Orçun Karaoğlanoğlu

Personal information
- Full name: Orçun Tolga Karaoğlanoğlu
- Nationality: Turkish
- Born: October 1, 1987 (age 38) Balıkesir, Turkey

Sport
- Sport: Kayaking
- Event(s): K-1 1000m, K-1 500m, K-4 1000m

Medal record
| Gold medal – first place | 2009 Boulogne | K-4 500 m |
| Bronze medal – third place | 2009 Boulogne | K-4 1000 m |

= Orçun Karaoğlanoğlu =

Turkish sprint kayaker

Orçun Tolga Karaoğlanoğlu (born 1 October 1987) is a Turkish sprint kayaker. He was born in Balıkesir, Turkey. He is a student of the Turkish Naval Academy (Deniz Harp Okulu), and competes for his school's team.

==Sports career==

===Club===
Karaoğlanoğlu won the K-1 200m, K-1 1000m and K-2 1000m events at the 2006 Spring Flatwater Canoeing Cup at Lake Sapanca in Sakarya Province. In 2007, he was admitted to the Turkey national canoeing team after he won the K-1 1000m, K-2 500m and K-2 1000m events at the 2007 Spring Flatwater Canoeing Cup held at Lake Seyhan Dam, Adana.

===International===
In 2005, he took part in the juniors K1-1000m event of European Canoe Flatwater Junior and U-23 Championships in Plovdiv, Bulgaria.

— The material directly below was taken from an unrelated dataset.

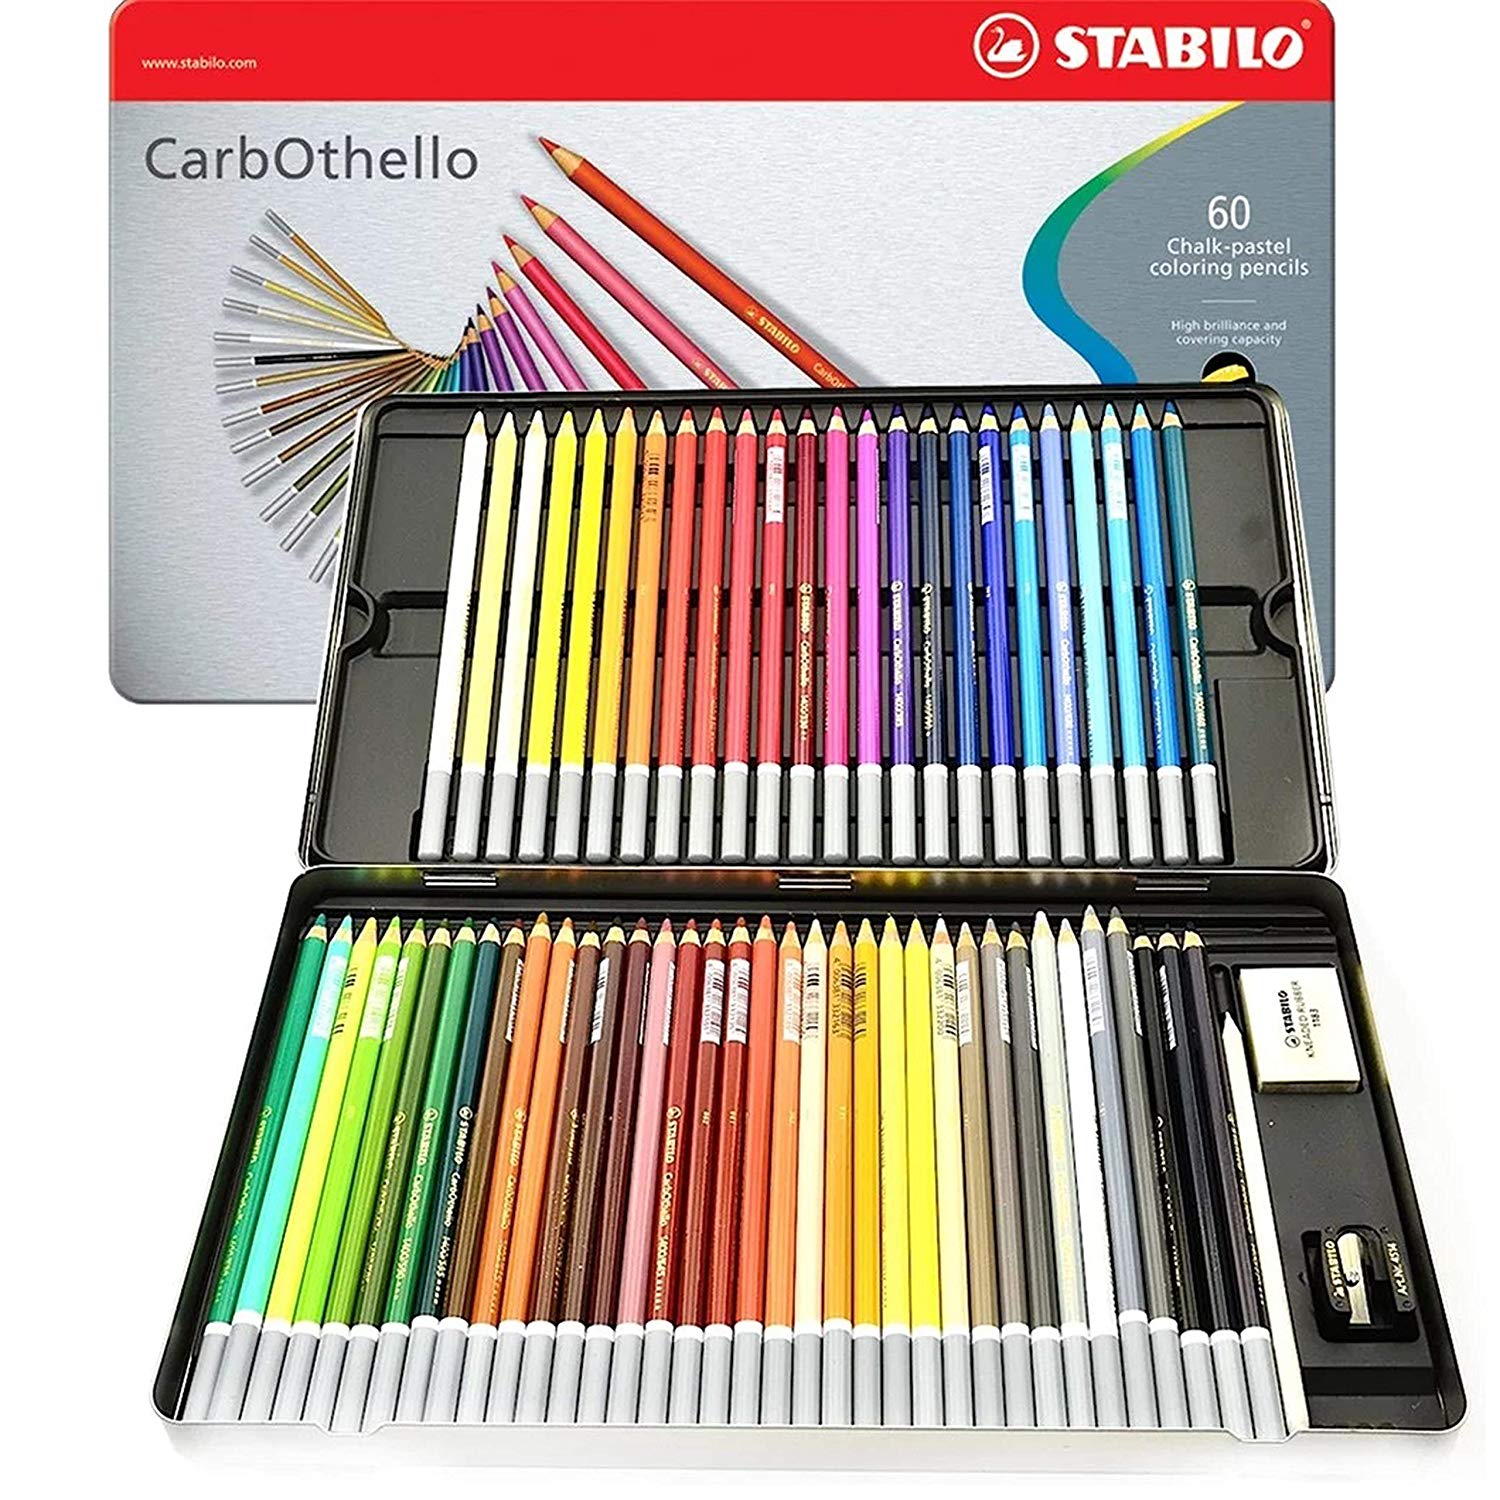 Crayon pastel Stabilo Carbothello, jeu de 60 couleurs

Karaoğlanoğlu competed in the K1-1000m and K4-1000m events at the 2007 ICF Canoe Sprint World Championships in Duisburg, Germany without advancing to the finals. In 2008, he raced in the K1-1000m event at the 3rd World Canoe Cup in Poznań, Poland. He unsuccessfully competed in the K-1 1000m, K-4 200m and K-4 500m events at the 2008 Canoe Sprint European Championships in Milan, Italy for the participation at the 2008 Summer Olympics. Karaoğlanoğlu took part at the International Boulogne Flatwater Canoeing Championship held in Boulogne, France on 25–26 April 2009. He won a gold medal in the K4-500m event and a bronze medal in the K4-1000m race with his teammates Çağrı Beyyıldırım, Emre Karahan and Öztürk Kuru. He represented Turkey in the K1-500m and K1-1000m events at the 2009 Mediterranean Games in Pescara, Italy without reaching to a medal.